La libre confrontación de ideas entre ambos jueces se plasmaba en un debate civilizado dentro del tribunal. A la muerte de Scalia, Ginsburg elogió que los votos particulares de su colega le ayudaban a afinar sus argumentos cuando le tocaba a ella redactar la sentencia: “El juez Scalia acertaba a ver los puntos débiles (…) y me daba justo lo que necesitaba para reforzar la opinión de la mayoría”.

Scalia era partidario de interpretar la Constitución según el significado que tenían las palabras en el momento en que fue promulgada; Ginsburg defiende su interpretación evolutiva

Irin Carmon, coautora de una biografía sobre Ginsburg, recoge en un reciente artículo otra opinión elocuente sobre Scalia: “Por más que te pudieran molestar sus enérgicas discrepancias –explica la jueza–, era tan absolutamente encantador, tan divertido, a veces tan explosivo, que no podías evitar pensar: estoy orgullosa de que sea mi amigo y compañero de trabajo”.

Pero Scalia también tenía detractores. Llama la atención el moralismo de la nueva generación de la izquierda: “El juez Scalia no es encantador. Simplemente es mezquino”, dice un artículo publicado en Slate. Y otro: “Como progresista estás en tu derecho a odiar a Scalia (…) Escribió cosas crueles y degradantes sobre grupos enteros de estadounidenses”. Otro articulista salva a Scalia, a costa de endiñarle la mala fama a un compañero del tribunal, Samuel Alito, al que acusa de una “sutil malicia”.

A diferencia del tono empleado por Ginsburg, el de estas informaciones periodísticas refleja la tendencia actual a sustituir los debates de ideas por los juicios de intenciones: el adversario es un inmoral y sus opiniones necesariamente denotan maldad.

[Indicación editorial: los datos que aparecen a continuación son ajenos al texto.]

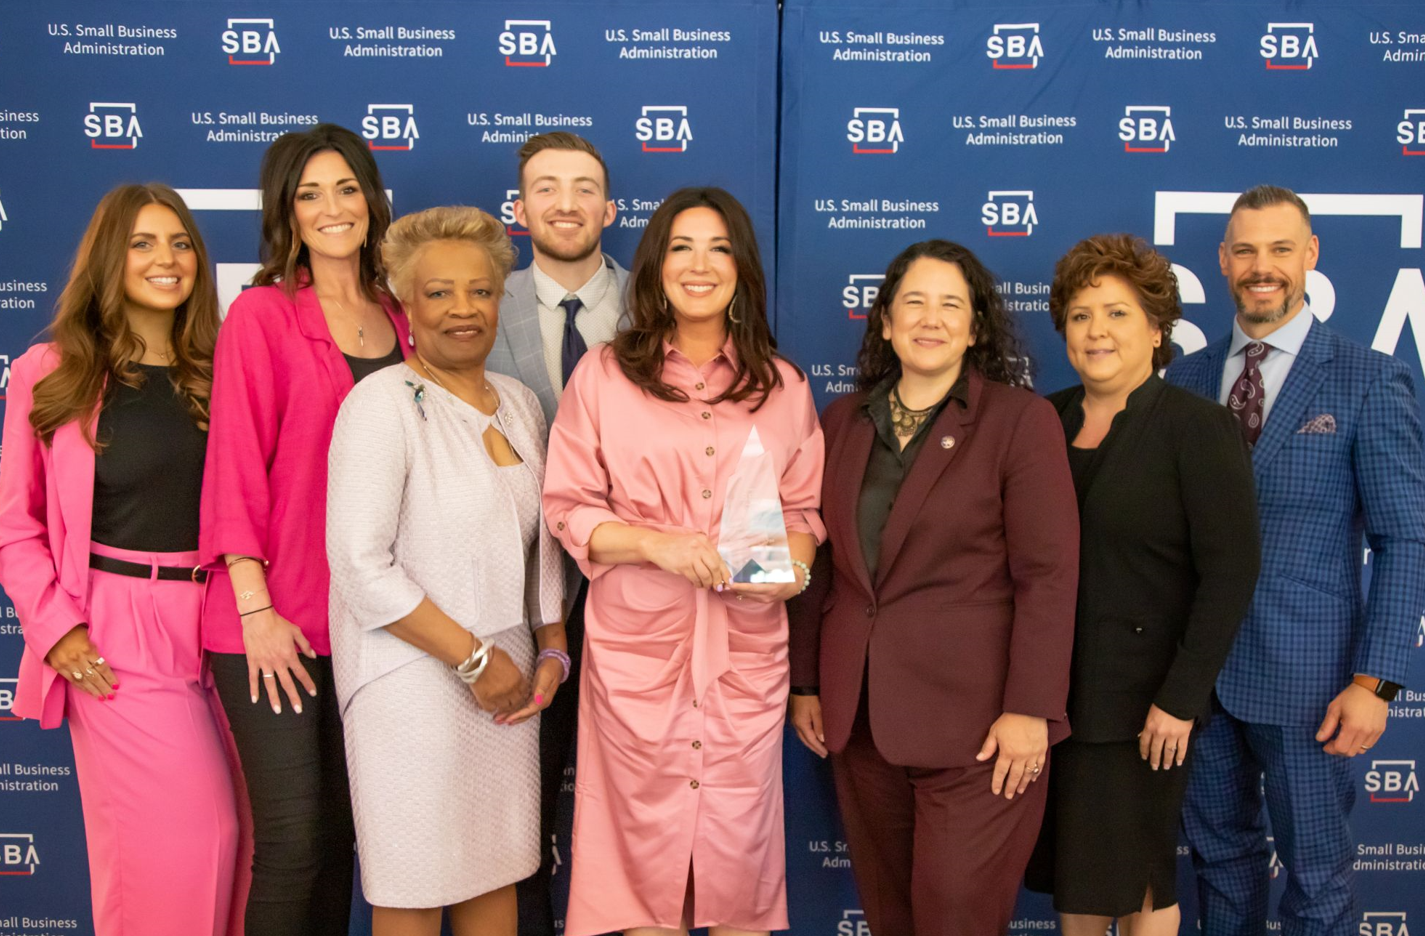 Group of people posing for a picture holding an award at the U.S. Small Business Administration event.
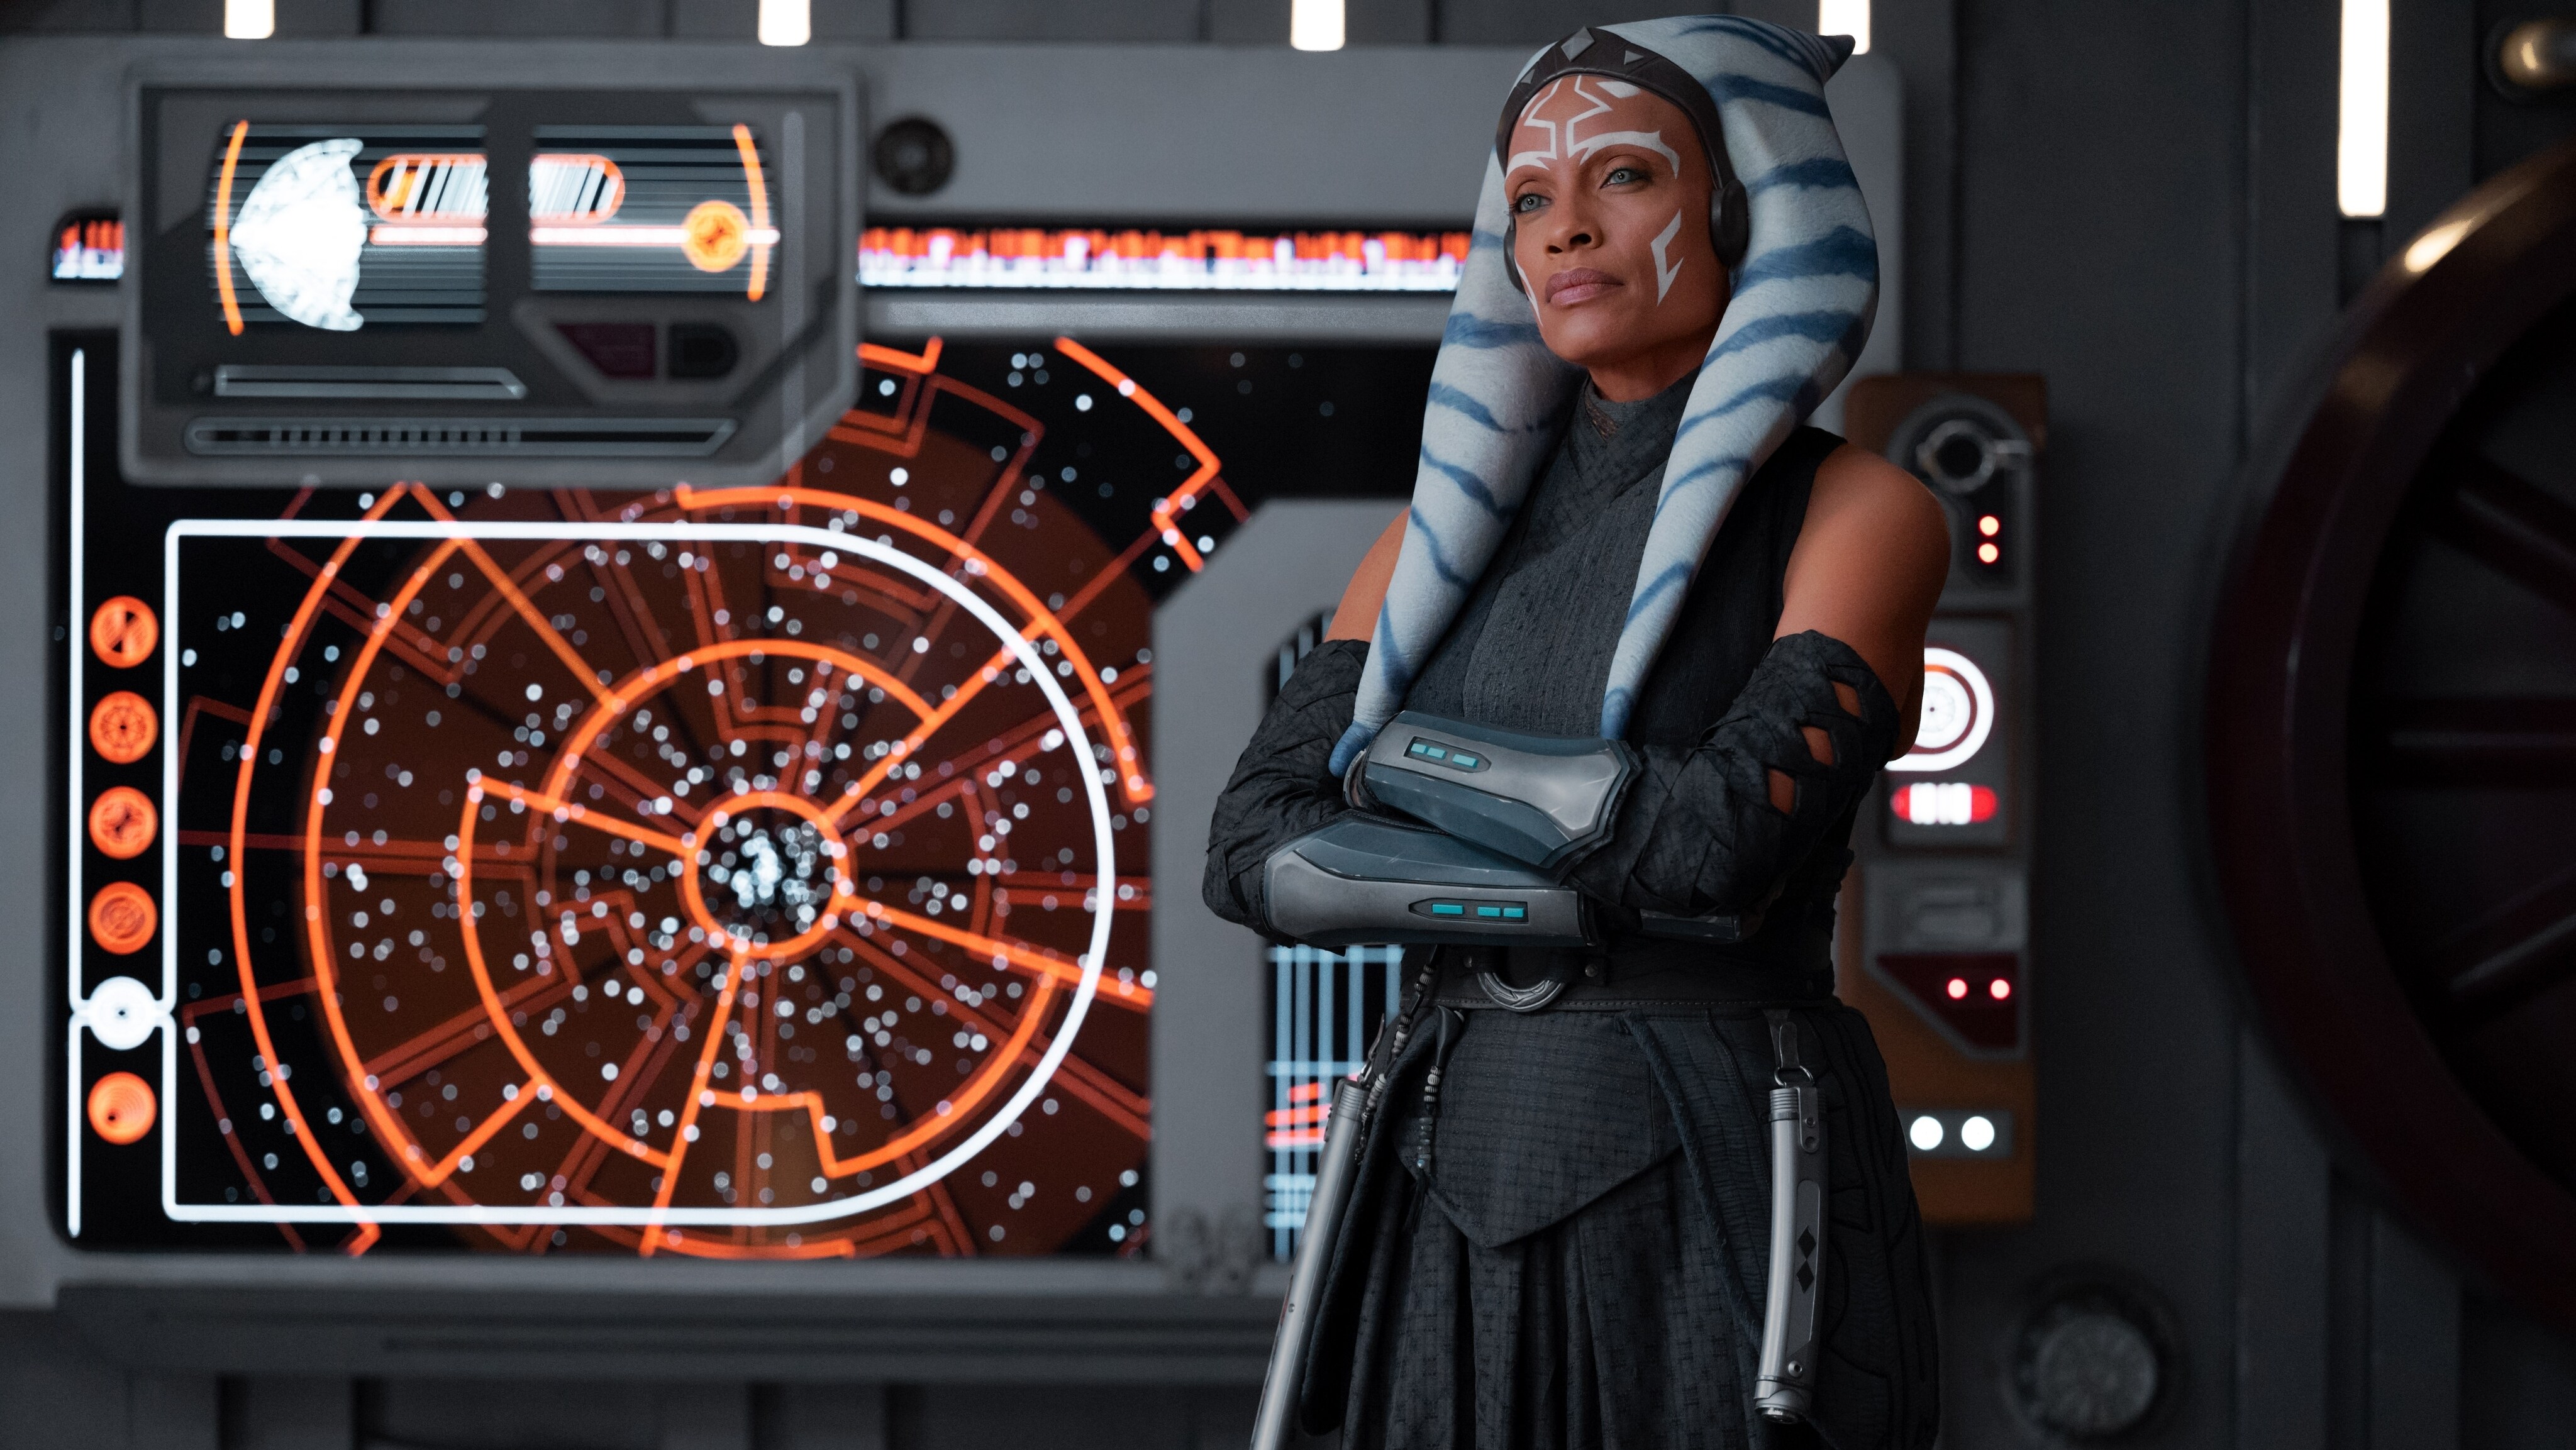 DISNEY+ ANNOUNCES DATE FOR “STAR WARS: AHSOKA”—NEW LIVE-ACTION SERIES FROM LUCASFILM

A este giro aludía hace poco en El País Benito Arruñada, catedrático de la Universidad Pompeu Fabra. En vez de presuponer que los partidarios de ideologías rivales aspiran –en principio, tanto como los de la propia– a construir una sociedad justa, hoy se tiende a negar su entidad moral. Frente a esta forma de sectarismo, Arruñada recuerda que “no se puede dialogar desde la superioridad moral. Aun menos desde la cosificación del adversario”.